The A$147,400 fine paid by Dodo Australia Pty Ltd (“Dodo”) highlights the legal risks of telemarketing under Australian law. It also shows the teeth of the Do Not Call Register Act 2006 (Cth) (“Act”) for calls made to home landlines and personal mobile phones which are on the Do Not Call Register.
The first offence fine paid by Dodo underlines what we said in Telemarketers must comply with the Do Not Call Register Act: “Marketing is one of the most regulated business functions and is affected by well over 20 different laws in Australia.”
The short facts are that Dodo hired three offshore call centre to make telemarketing calls in late 2007 for Dodo. Dodo is a provider of telecommunications services. Calls were made to individuals, some of whom happened to be on the Do Not Call list. The Australian Communications and Media Authority (“ACMA”) received 119 consumer complaints.
An investigation by the ACMA identified 67 calls in a three-month period to numbers which were on the national Do Not Call Register.
The ACMA issued an Infringement Notice under section 572B of the Telecommunications Act 1997 (Cth).
Dodo was forced to give to the ACMA a written and enforceable undertakings dated 18 August 2008.
In addition to the fine there will be administrative costs for Dodo to keep to its undertaking.
Dodo will incur the administrative burden of monitored compliance over the next three years. It also has to engage an independent consultant to check and report on various procedures for compliance.
The fine and the size of these costs could have been greatly reduced if Dodo had adopted a proper legally compliant process in the first place.
Non-compliance under the Act exposes to fines both those who make the calls (eg marketers or a call centre) and the clients like Dodo on whose behalf the calls are made.
The hints below apply to all telephone marketing by or for businesses, especially for telemarketers and call centres. They are drawn from some of the undertakings the ACMA has imposed on Dodo.
Firstly and most importantly, contractual obligations should be imposed for non-compliance with the Act. Secondly, there is a range of recommended practical follow-on tasks, all of which should be capable of being audited.
With the contract and related tasks activated, a business or its advisers can conduct a legal audit to proactively check that there is legal compliance with the Act.
A legal audit may be needed to confirm that:
- Number list washing is undertaken to keep out those on the Do Not Call Register
- The Do Not Call Register is checked to ensure numbers on it are not called
- Records are kept of the script followed and all telephones numbers called
- Such call records are retained for at least one year from the date of the call
- Call staff are trained for compliance with the Act.

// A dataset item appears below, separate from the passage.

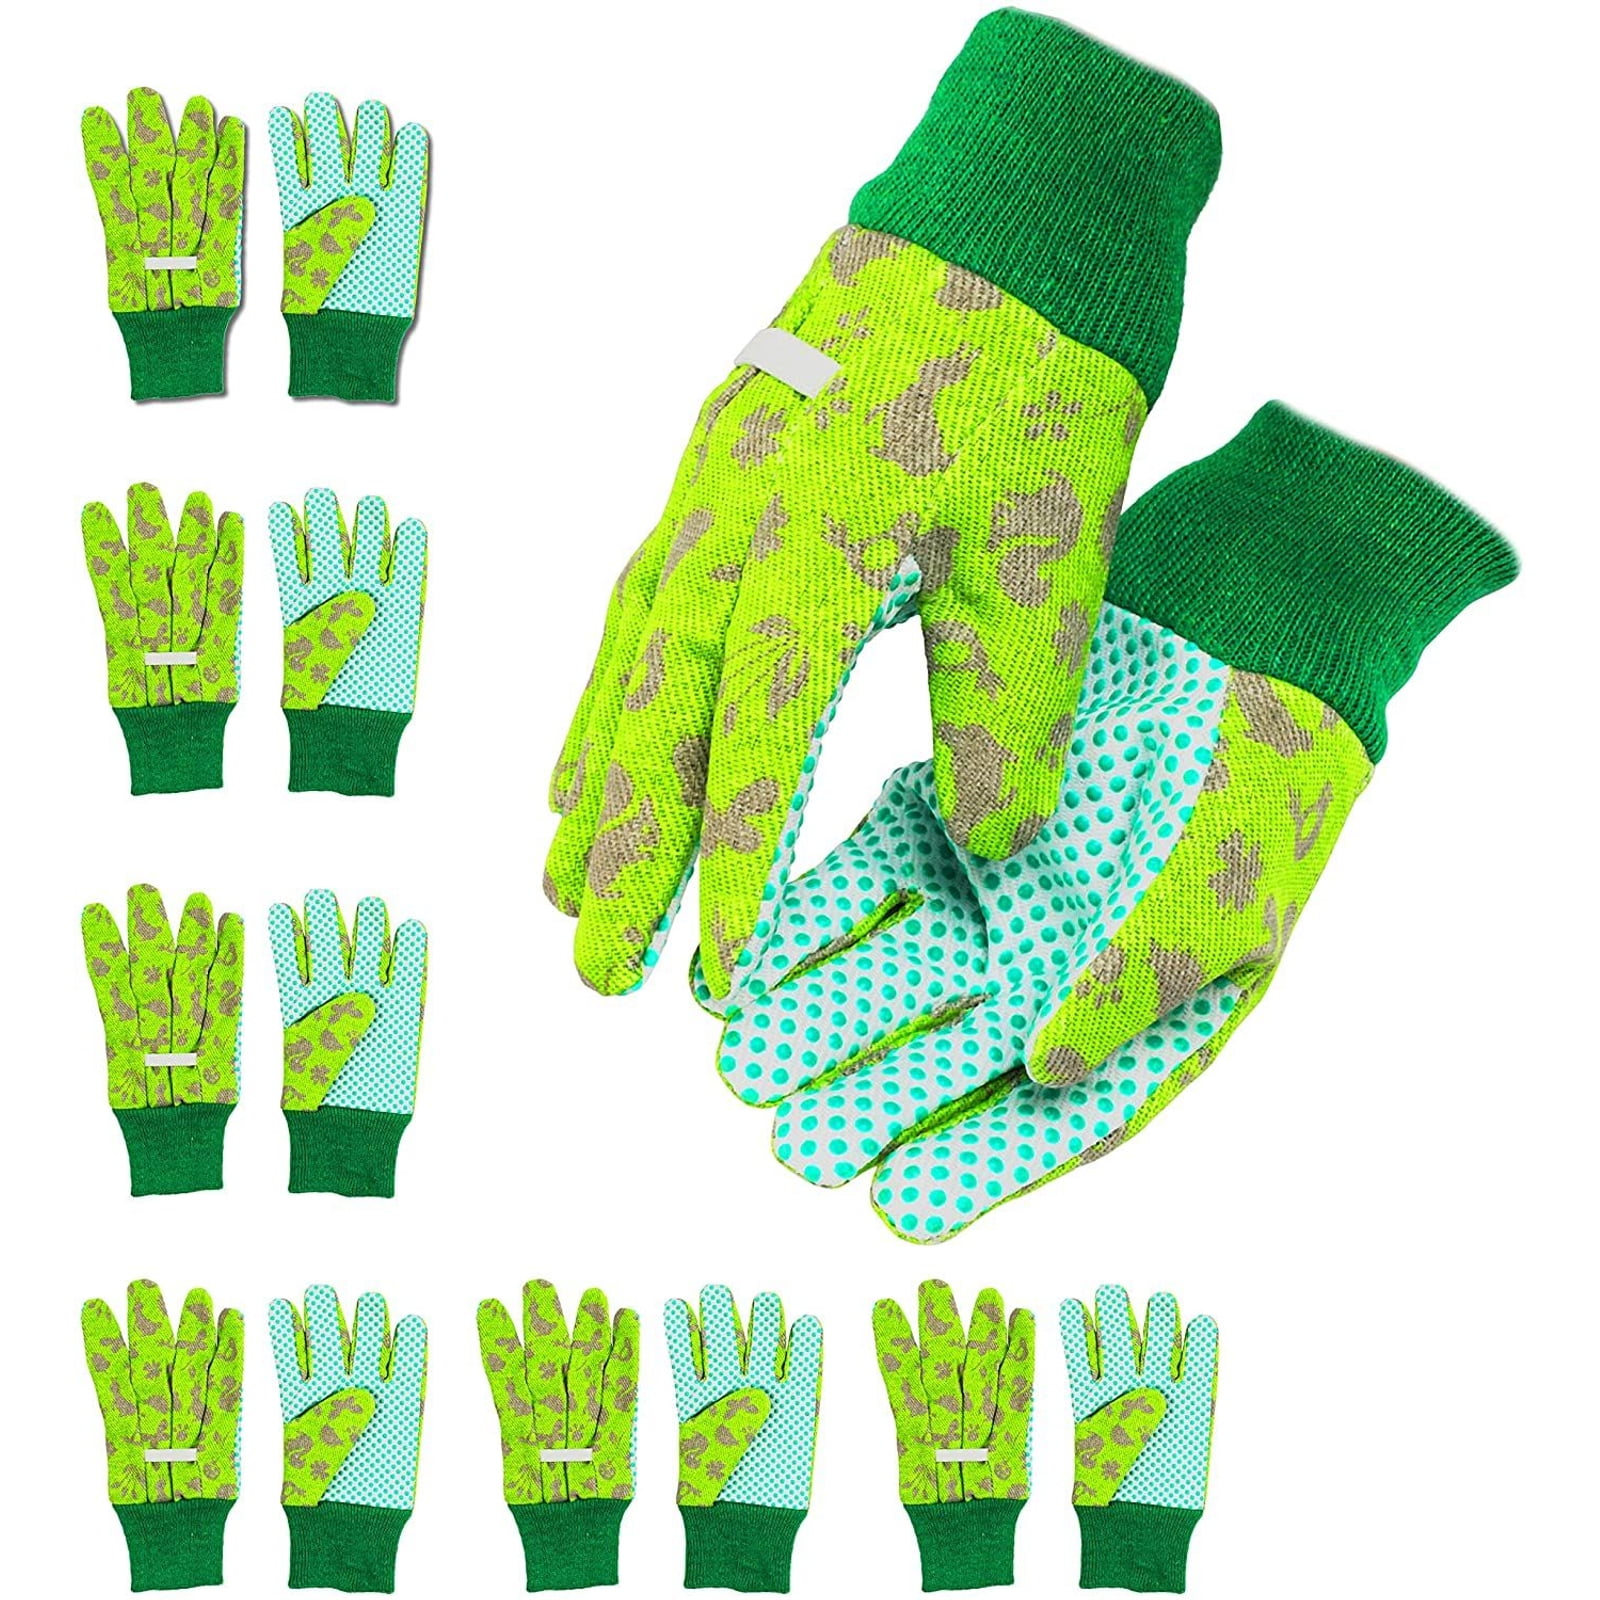 Foam Rubber Coated Garden & Vgo 3 Pairs Age 3-5 Kids Multicolored Garden Gloves

- A complaints handling process is properly in operation
- Representative of the call centre can be easily contacted to escalate issues
The ACMA confirms the law as it stands in its press release in the Dodo case
|“Under the Do Not Call Register legislation individuals can list their Australian fixed line or mobile telephone numbers on the Do Not Call Register, provided those numbers are used mainly for private or domestic purposes, for example, calls to family and friends.|
From 31 May 2007, it became illegal, in the absence of consent, for any non-exempt telemarketer in Australia and overseas to contact a number listed on the register.”